- Says it supports authorities in implementation of policies in the period ahead, including in the technical work to prepare the FY24 budget
The International Monetary Fund (IMF) reiterated that it is working with Pakistani authorities to bring the pending ninth review to conclusion “once the necessary financing is in place and the agreement is finalised”.
“In addition, the IMF supports the authorities in the implementation of policies in the period ahead, including in the technical work to prepare the FY24 budget, which is to be passed by the National Assembly before end-June,” Nathan Porter, the IMF Mission Chief for Pakistan, was quoted as saying in a statement to Business Recorder on Friday.
The development comes as Pakistan remains engaged with the Washington-based lender to resume its bailout programme that has been stalled at the ninth review since November last year.

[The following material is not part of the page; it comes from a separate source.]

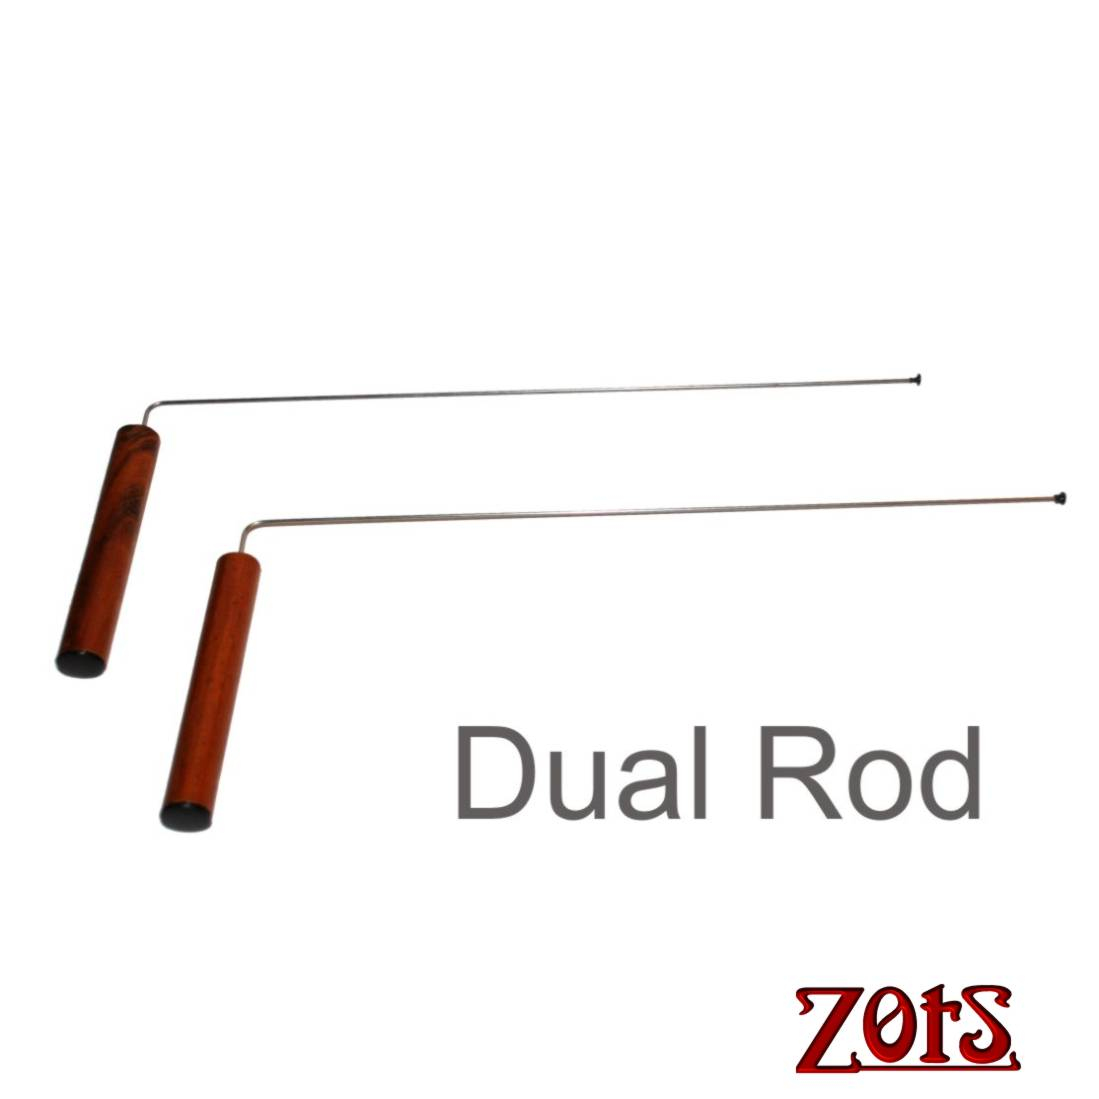 Dual Rod

As part of prior conditions to resume funding, Pakistan was required to undertake a series of steps including new taxation measures, free-floating exchange rate, and hike in energy tariffs.
It was also required to ensure that its balance of payments’ gap was fully financed for the remainder of the IMF programme that ends in June. While Pakistan managed to secure $3 billion in additional funding – including $2 billion from Saudi Arabia and another $1 billion from the UAE – the IMF said after the commitments back then that it was looking forward to obtaining the necessary financing assurances as soon as possible to pave the way for the successful completion of the 9th Extended Fund Facility (EFF) review.
The statement implied that there was still some way to go before Pakistan’s balance of payments’ gap was fully financed.
Additionally, on Friday, it was reported that Pakistan is required to make debt payments of $3.7 billion in May and June, according to Fitch Ratings, which would cause further pressure on an already depleted level of foreign exchange reserves.
Pakistan’s policymakers have derived some hope from a current account surplus in March, which brings down the gap in financing, but securing fresh funding commitments – even after China’s rollover and another refinanced loan of $1.3 billion – remains the next hurdle.